Data below:
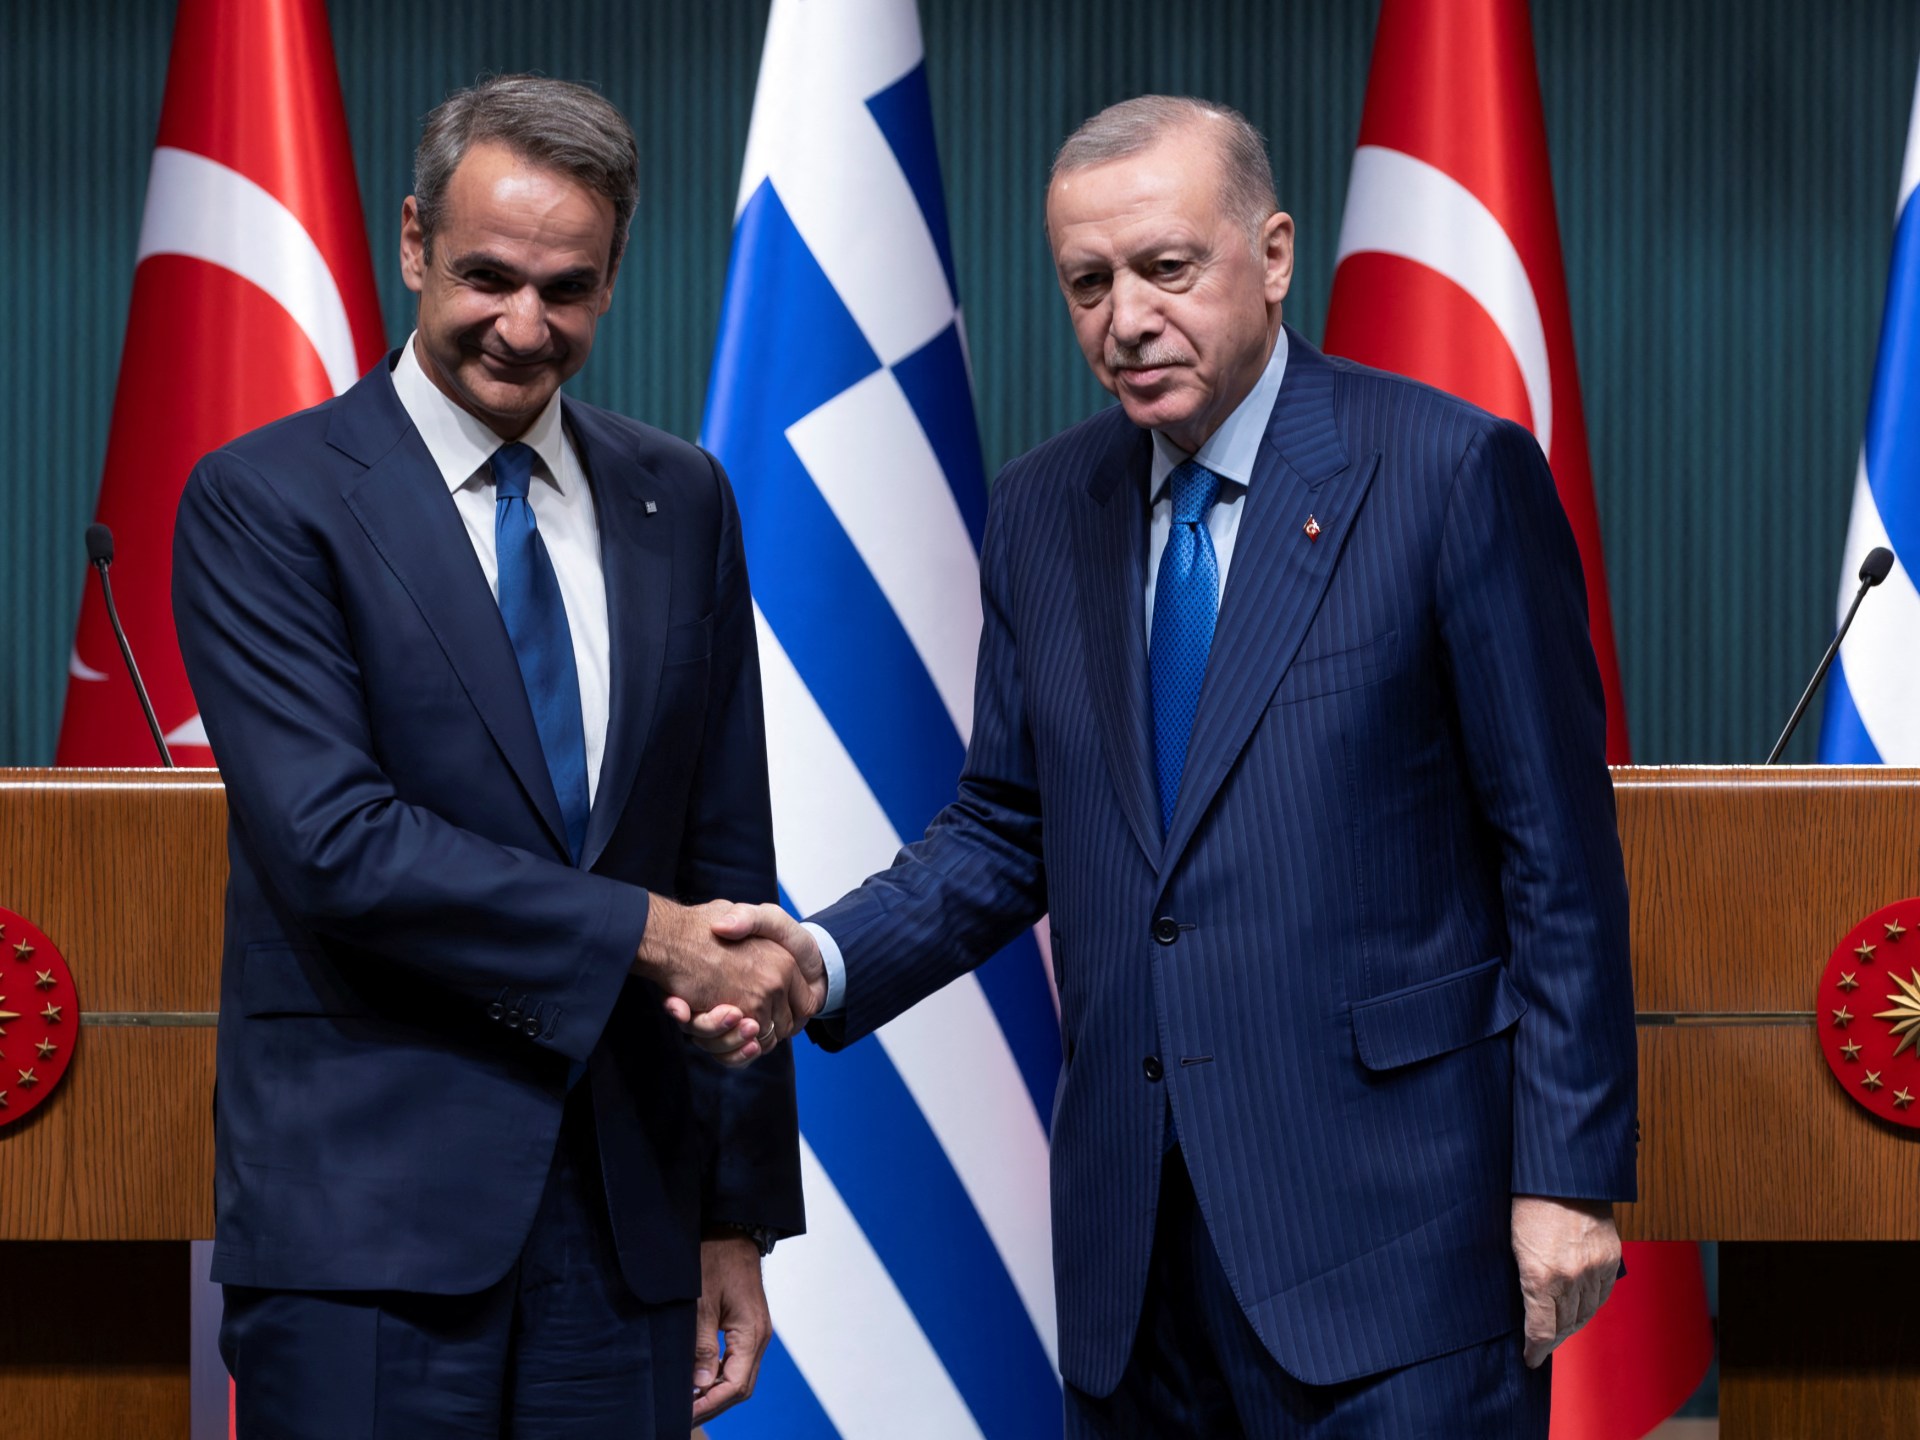 Turkeys Erdogan meets Greek PM, sees no unsolvable problems in ties | Israel War on Gaza News [Video]
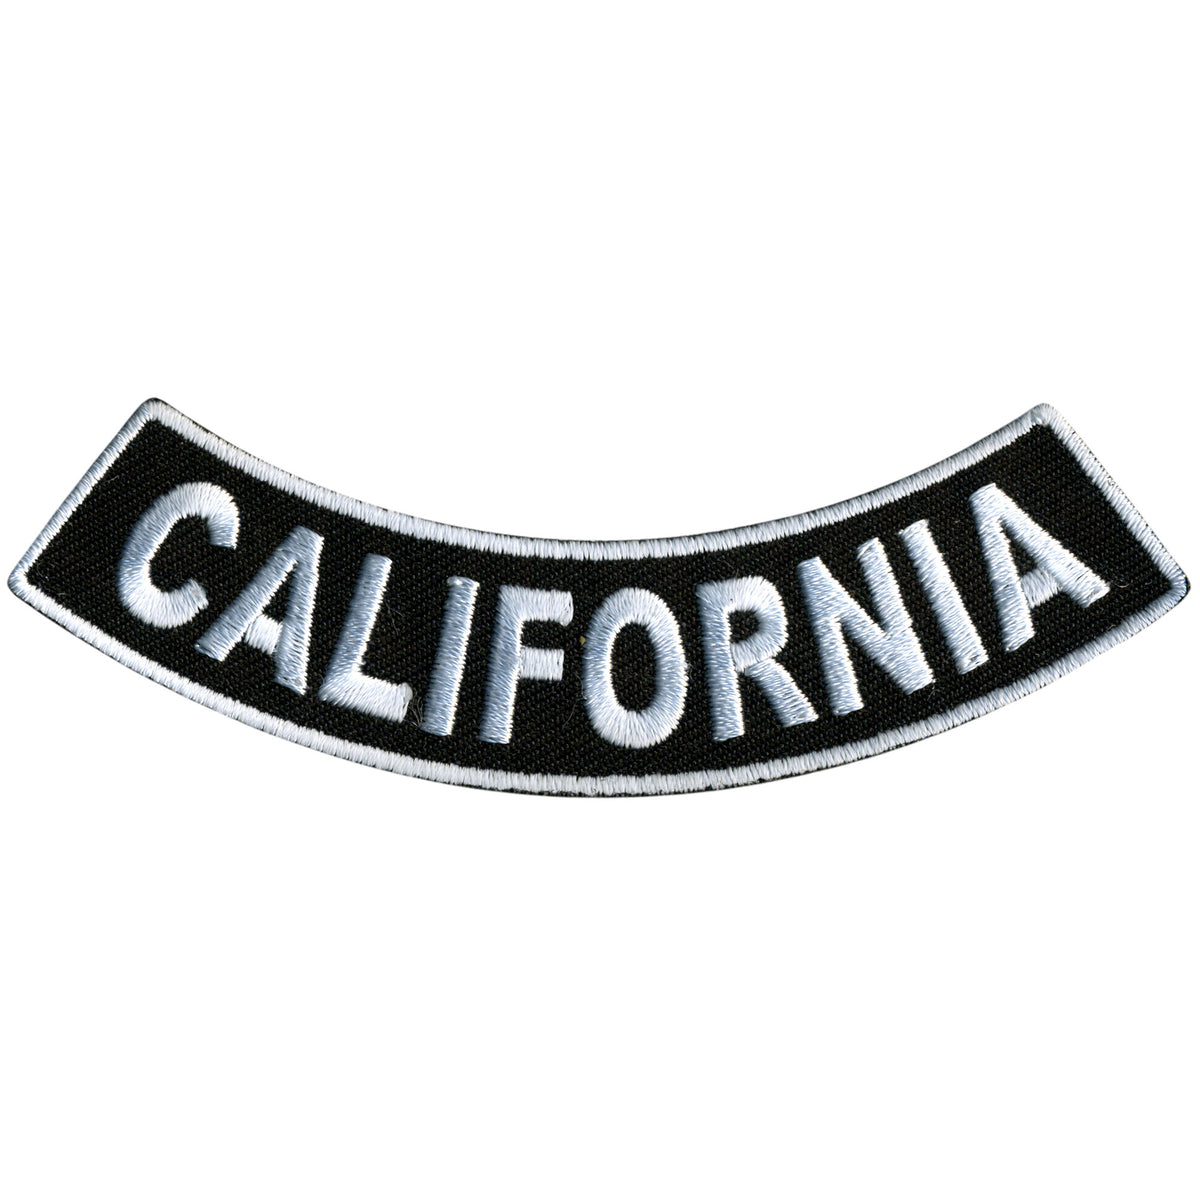 Hot Leathers California 4” X 1” Bottom Rocker Patch
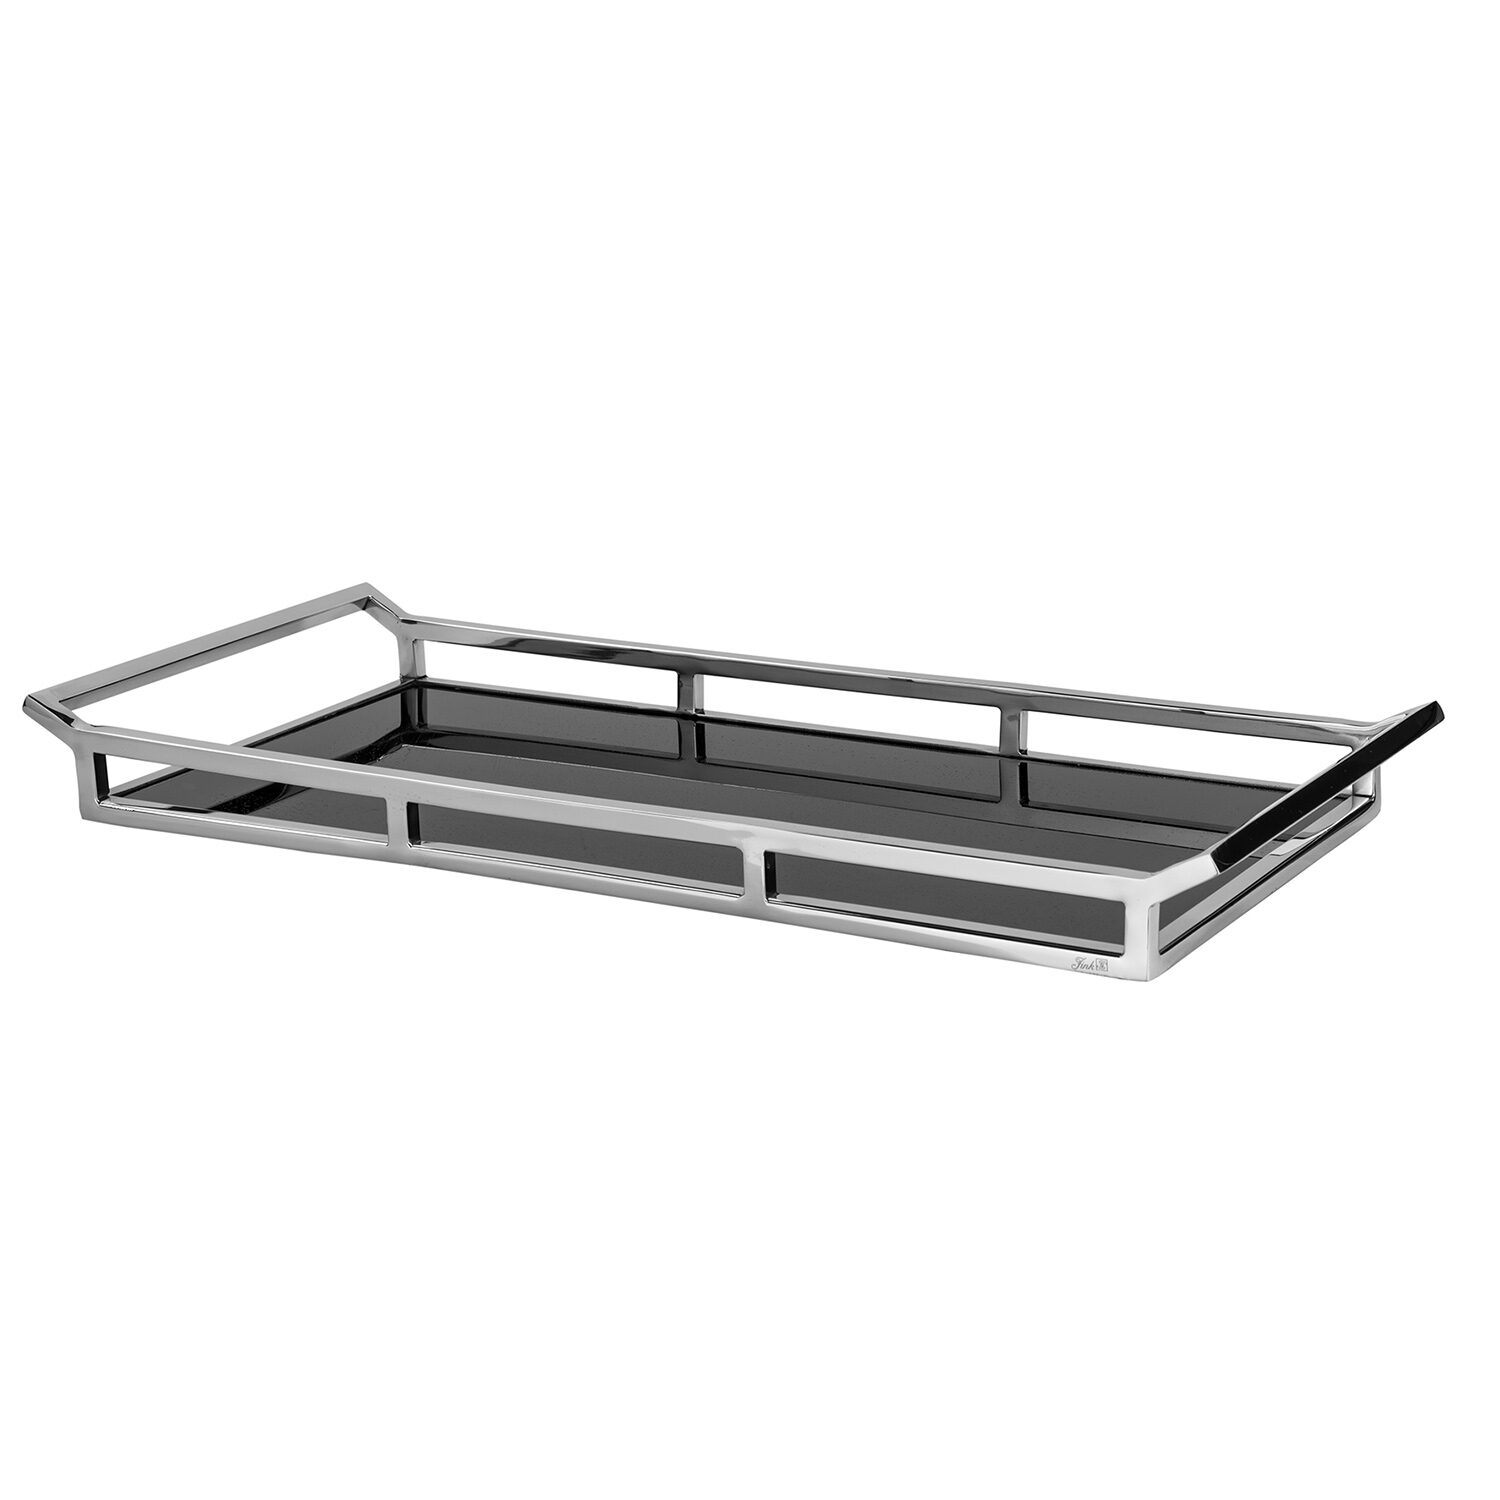 PIANO tray rectangular, stainless steel, black glass

Problem requirements:
Omitting all images, print the listing exactly.

Solution to this exercise:
 Turkeys Erdogan meets Greek PM, sees no unsolvable problems in ties | Israel War on Gaza News [Video]
 Hot Leathers California 4” X 1” Bottom Rocker Patch
 PIANO tray rectangular, stainless steel, black glass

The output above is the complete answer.